Filho: I find it interesting when American citizens react negatively to the American characters. I have had the opportunity to discuss this with some of them in the Q&As and I'm always respectful and interested in listening to them, but I really believe that they are fighting 124 years of film history where the US has been incredibly forceful, competent, and proficient in presenting its points of view on the world because it's the American film industry in Hollywood. And then suddenly this little film turns the tables and the Indians now are the Americans and the Americans are the Indians. Pacote (Thomas Aquino) is not shot like a cowboy, but he is one. And Lunga (Silvero Pereira) is out of some Walter Hill film, but at the same time, he's very much Brazilian and queer. I love when people ask, but why was Michael (Udo Kier) shooting his own men? And I say, why is it so tough to accept that he will shoot his own men when you have a guy spending two weeks coming in and out of a hotel in Las Vegas and then he goes and shoots 180 people? You still want an explanation? Is it the film industry that made you like this? Why can’t you accept it?

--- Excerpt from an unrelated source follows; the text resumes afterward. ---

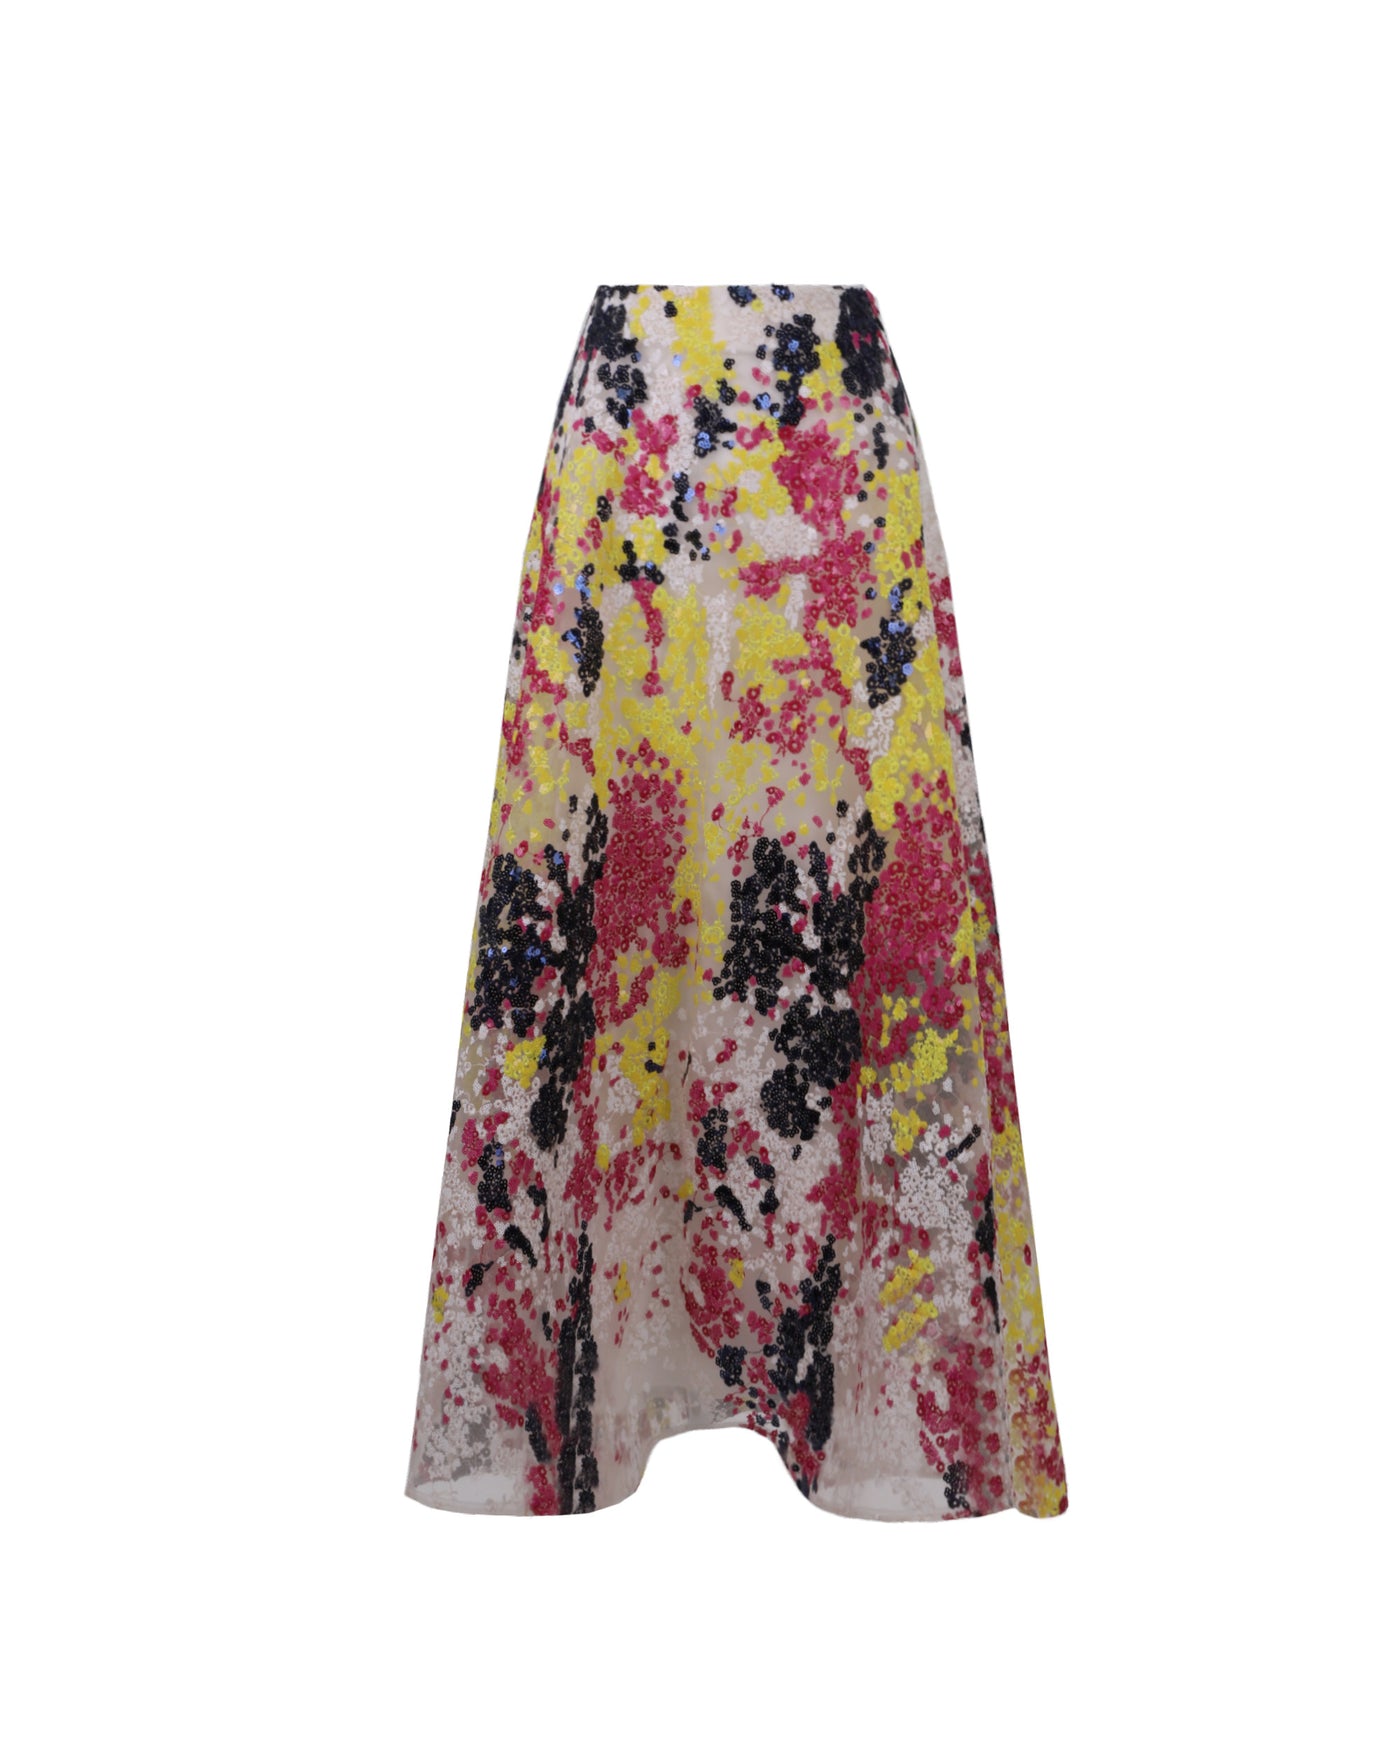 Embroidered Flared Skirt
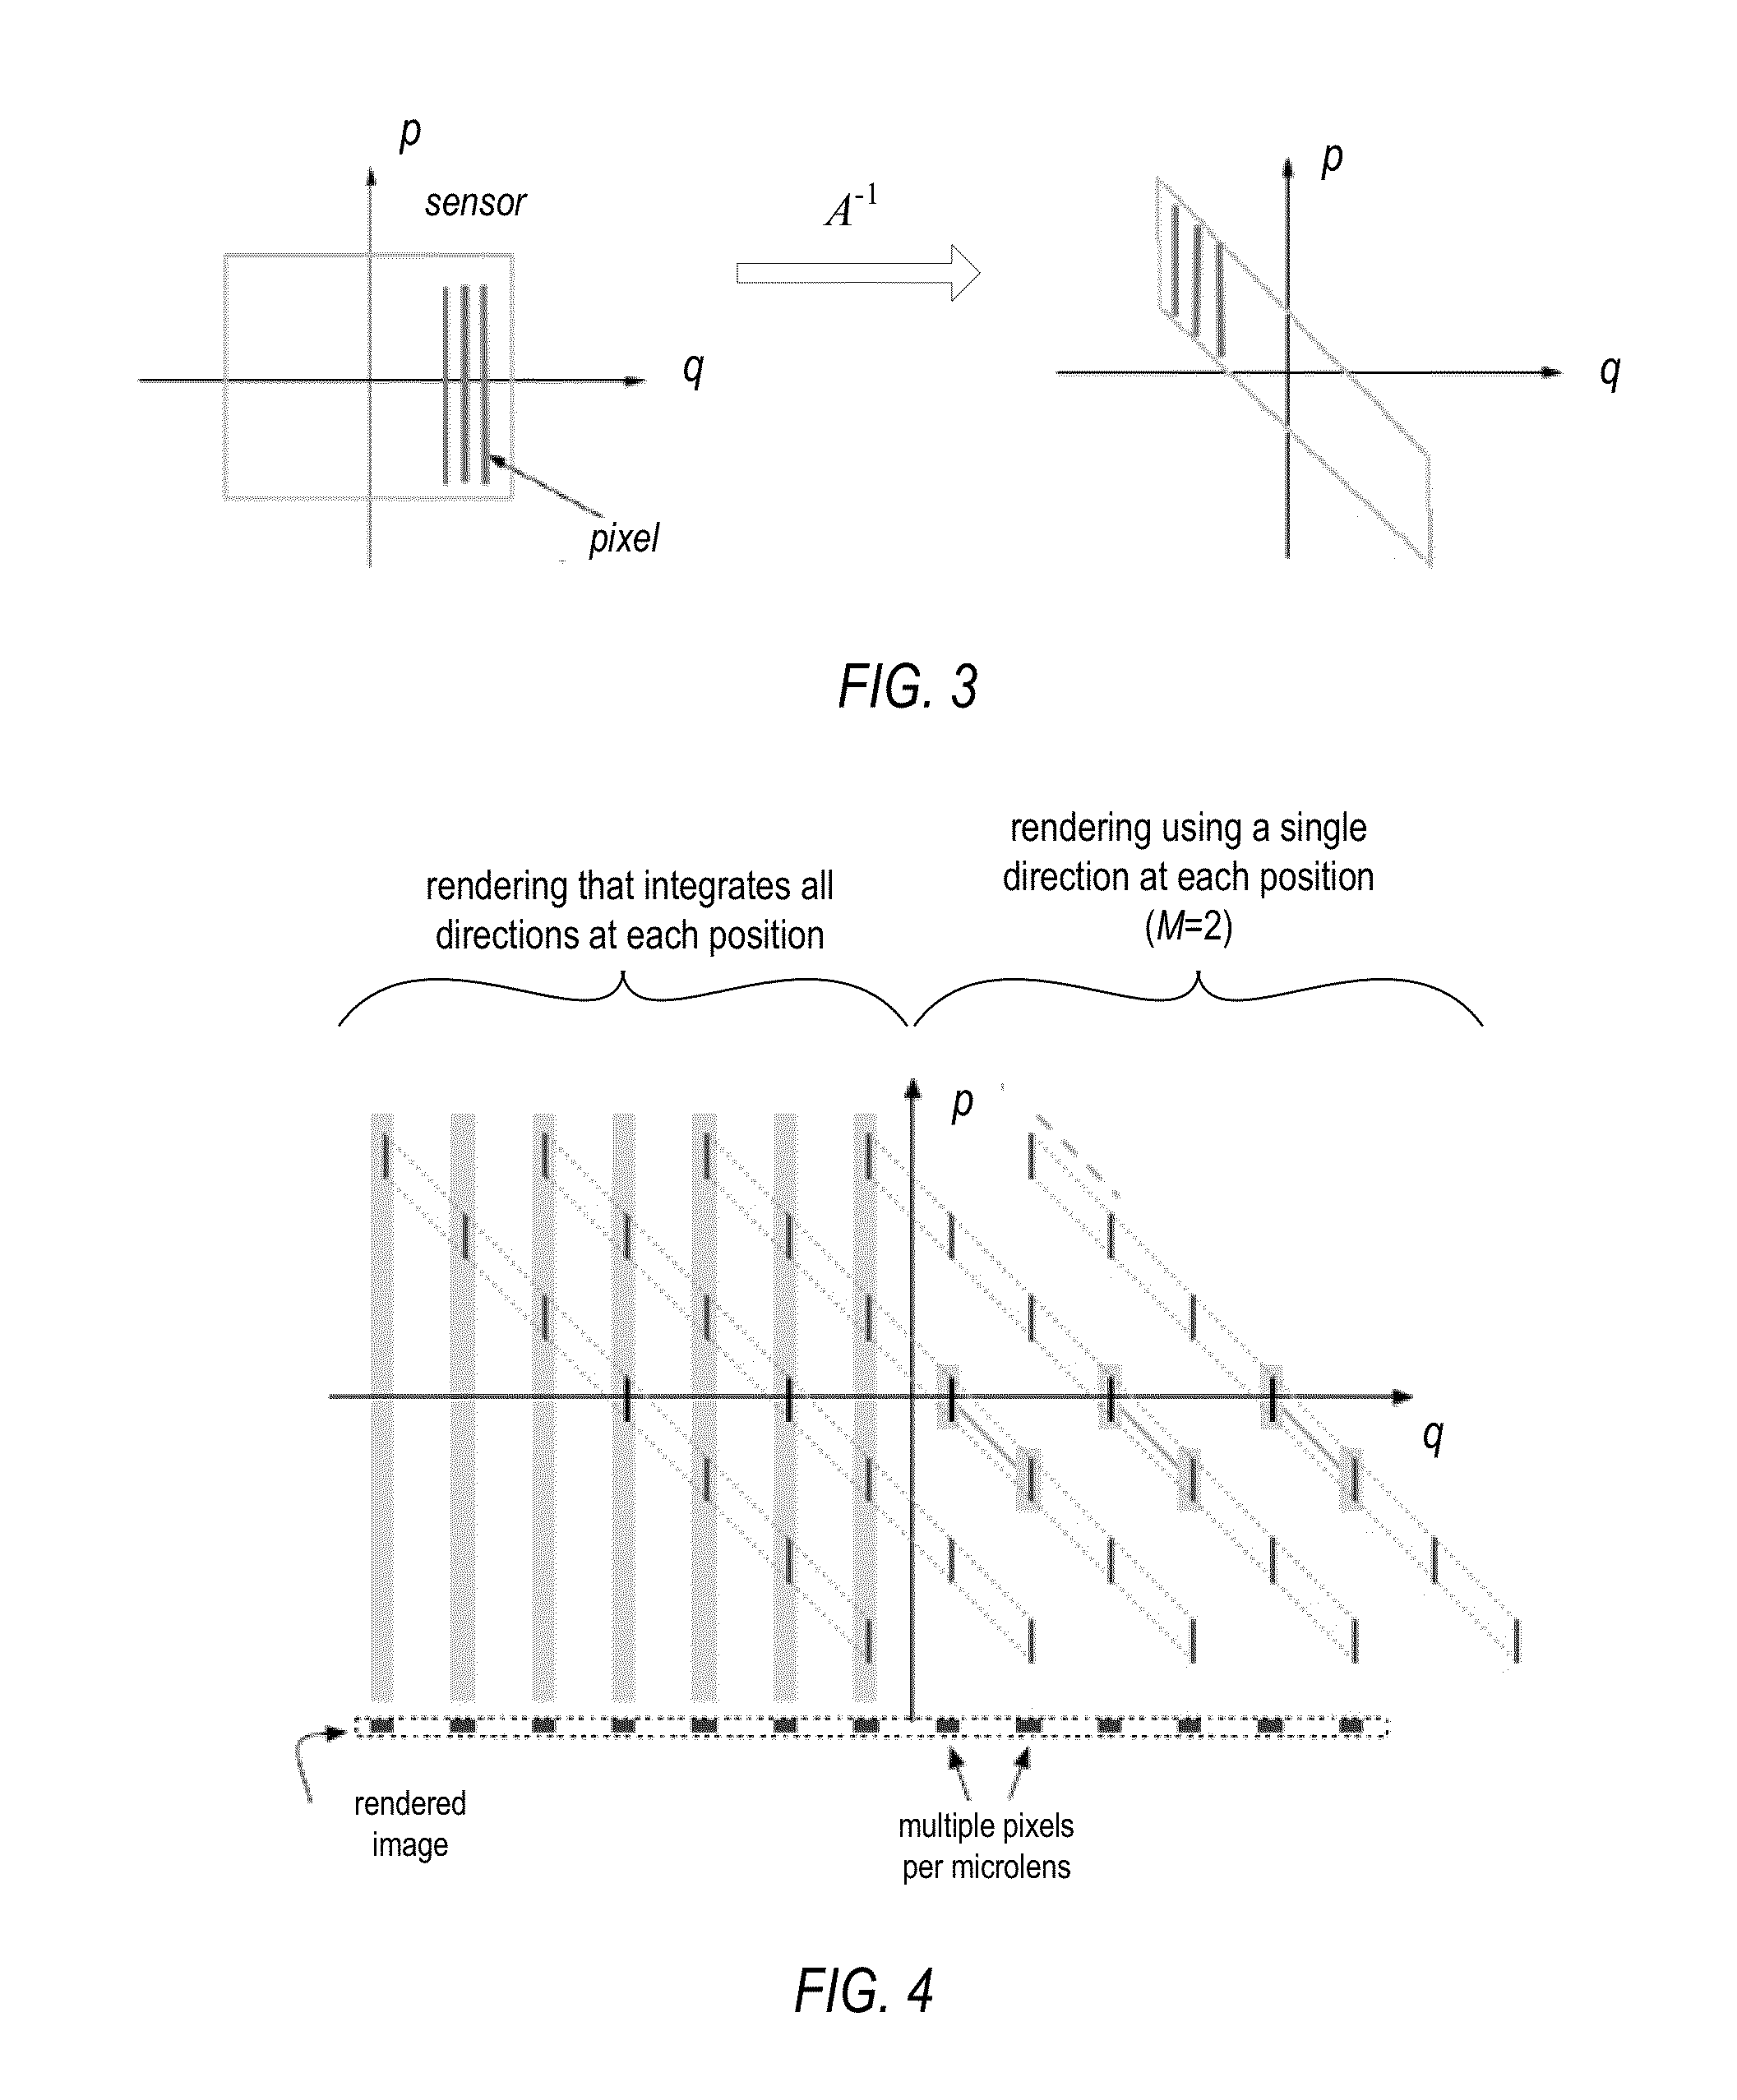 Methods, Apparatus, and Computer-Readable Storage Media for Blended Rendering of Focused Plenoptic Camera Data

Rail: It's like fighting against 124 years of representation, of American cultural mythology.

Filho: But you can talk to any Brazilian in a multiplex and he or she will react the same way because we all feed on American iconography. For good and for bad. For instance, we love Die Hard (1988). It's a wonderful commercial film, right? [Laughs]

Rail: There's a lot of information transmission in Bacurau, for example in that little screen in the truck that shows Lunga being hunted.

Dornelles: The classic “WANTED” poster.

Rail: Yes. And you see Tony Junior’s (Thardelly Lima) truck, the town’s media truck, and of course, the UFO drone. But on the other hand you have the guitarist, and the mirrors to signal each other.

Filho: There's also the hole in the ground and probably a lot more information there, but we never go in. We love the idea that it opens up a completely new level. It's almost like a new level in a video game or an unread chapter in a book, but for whatever reason, the book that you're reading has the pages missing.

Dornelles: Let’s not forget the technology of the earbuds, the phone transmissions in the Americans’s ears. You never hear what’s being said. You don’t need to.

Filho: The information comes naturally with the requirements of the story. But there are many bits of information, and many of them pointed to different layers of information in the film.

Rail: Then there’s the psychotropic drug. Teresa (Bárbara Colen) takes it when she comes back to the town at the beginning.

Filho: And Kate (Alli Willow) when she is dying.

Dornelles: And the townspeople keep taking it to face the enemy, the Americans.

Filho: I have to say, I just love the fact that the old man gives Kate, a woman he has never seen before and who was trying to kill him, a little bit of their peace of mind. Because some directors would have had him with an axe finishing her off. We just had a shocking enough moment one minute before. And the main reason to include the drug was that he could ask, why are you doing this? You know that fucking television series Lost—why does no one ever ask in the fifth episode, why are we doing this? Because they meet people from the other side of the island and it’s just business as usual; they just shoot at them.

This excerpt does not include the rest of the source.